The News Herald (Willoughby, OH)
A game-changer for Chester man
Jim Fraser believes in miracles.
And he considers being the first person in the Midwestern U.S. to receive a medical bioresorbable stent as one of them.
On July 4, the 73-yearold Chester Township man, who already had three metal stents implanted in an artery, was taking a walk when he experienced a strong pressure building in his chest. The next day his primary care physician suggested that he contact his cardiologist.

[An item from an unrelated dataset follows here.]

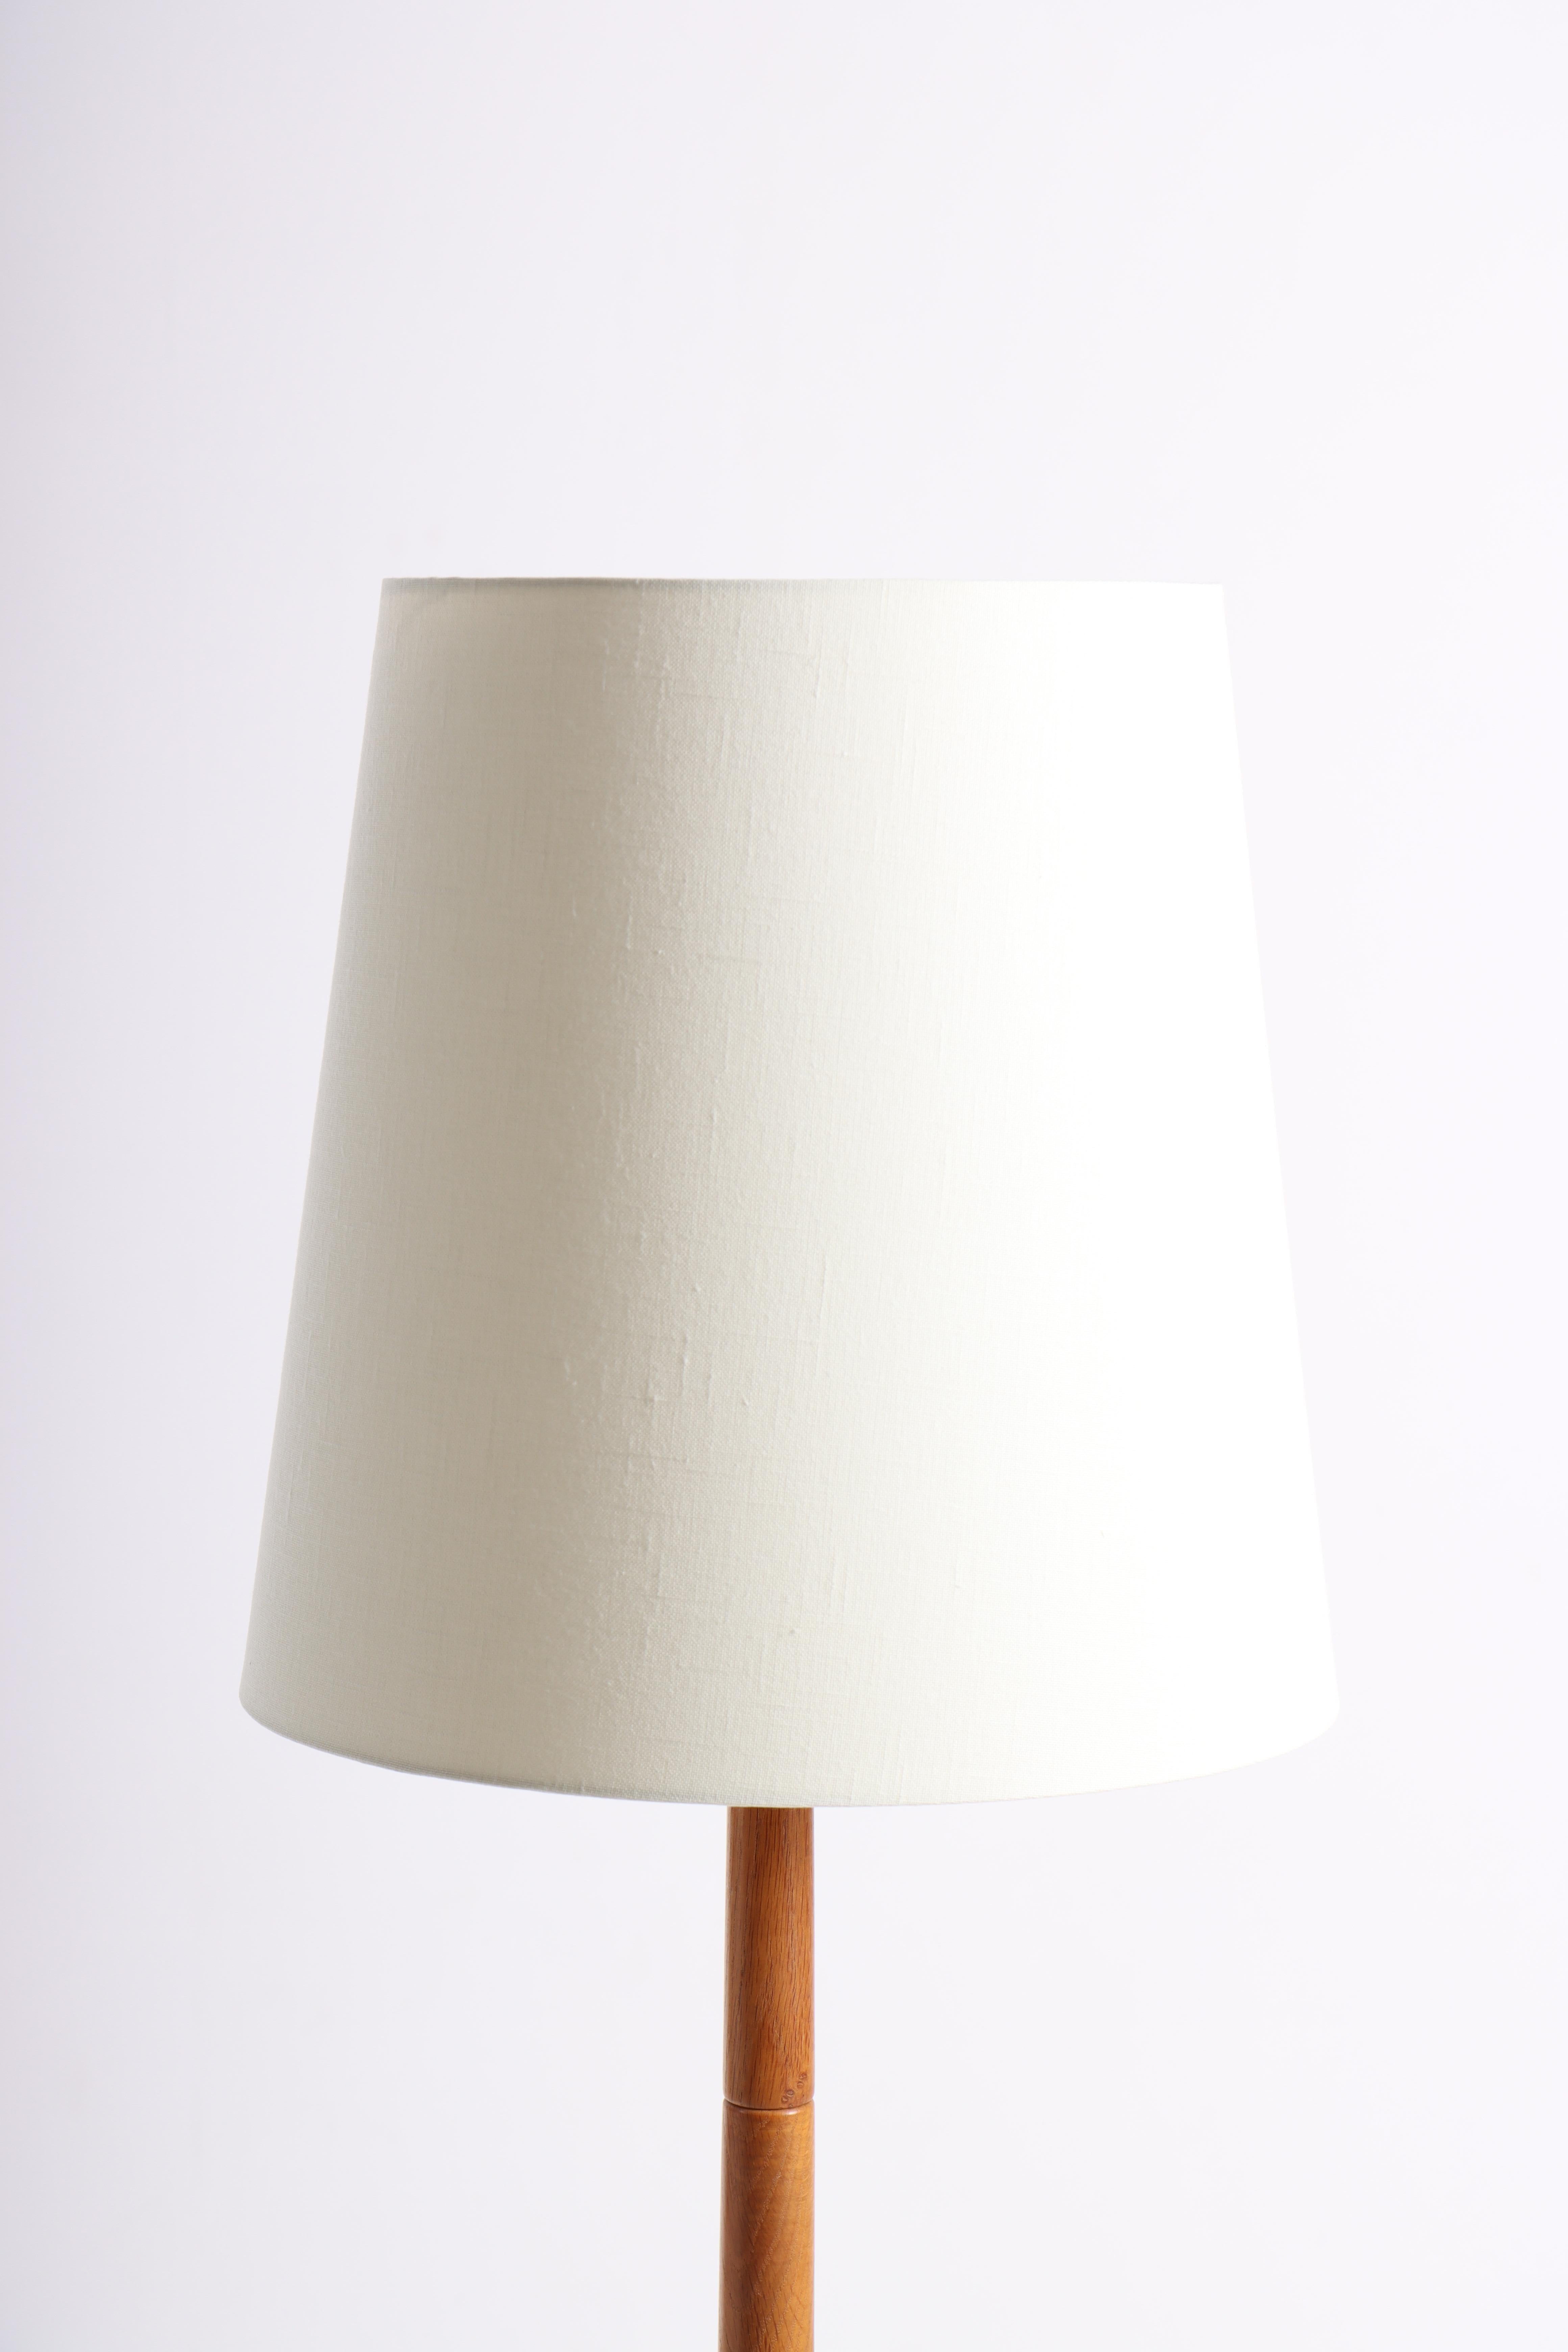 Danish Modern Midcentury Floor Lamp in Oak, Danish Design, 1950s For Sale 1

Fraser says because he’s “a little Irish, a lot Scotch, and a lot stubborn” he waited for two days.
When tests revealed a staggeringly high blood pressure, paramedics were called and Fraser was immediately brought to University Hospitals in Cleveland.
Having previously been told that additional metal stents were not an option, he feared that open heart surgery was imminent.
“I just had this terrible picture in my head of splitting my chest open,” he said.
Doctors decided to proceed with a heart catheterization. Eventually three blockages in a single artery were detected.
Two and a half hours into the procedure doctors stopped and informed the patient they would complete it the following day.
“I thought ‘wait a minute, this doesn’t sound very cool’,” Fraser said. “But then they told me a new (absorbable) stent had been approved.”
The next day three Abbot Absorb stents were implanted and the three already in his body were cleaned out.
“As far as I’m concerned my whole situation was nothing less than a series of miracles,” Fraser said.
Along with the wonderful news of the absorbable stents came information concerning the recovery period. When the metal stents were implanted Fraser was given certain restrictions and told to take it easy for three weeks. With the new stents he was permitted to resume normal activity, including driving a car, within days.
“I about flipped,” he said when learning of the short amount of downtime.
Recently approved by the U.S. Federal Drug Administration, Absorb is the first and only fully dissolving stent approved for the treatment of coronary artery disease which impacts more than 15 million people in the U.S. It also is the world’s leading cause of death, according to University Hospitals.
Dr. Hiram Bezerra, medical director of the Cardiovascular Imaging Core Laboratory at UH Case Medical Center and also the doctor who implanted Fraser’s stents, and Dr. Gui Attizanni of the UH Harrington Heart and Vascular Institute in Cleveland, played major roles in assisting Abbott Vascular with making the new device available.
“Absorb is a new, potentially game-changing therapy for coronary artery disease,” Bezerra said. “While it may never totally replace traditional DES (drug-eluding stents), this novel technology gives us the ability to repair a patient’s artery with comparable healing and safety and reduced long-term complications.
“The device restores vasomotor function and pulsatility allowing the artery to move and more naturally regulate blood flow. It also avoids the long-term future complications related to metallic stents such as inability to graft a fully stented artery in the event that a patient needs coronary artery bypass grafting.”
The innovative stent opens a patient’s blocked artery but then disappears, leaving no metal behind to restrict natural vessel motion. It’s made of polyactic acid similar to material used in dissolving sutures. Through the process of hydrolysis, the scaffold is metabolized after two to three years, according to UH.
Although new to the United States, the device has been widely used in Europe for about five years.
Along with gratitude for the staff of nurses and doctors whom he claims displayed genuine concern for his welfare, Fraser is vastly appreciative of the new medical “miracle.”
“The stent is just the greatest invention for me that could every possibly be,” he said.
“If I didn’t have those stents I wasn’t optimistic I would have made it through. My experience is just overwhelming as a result of going to UH.”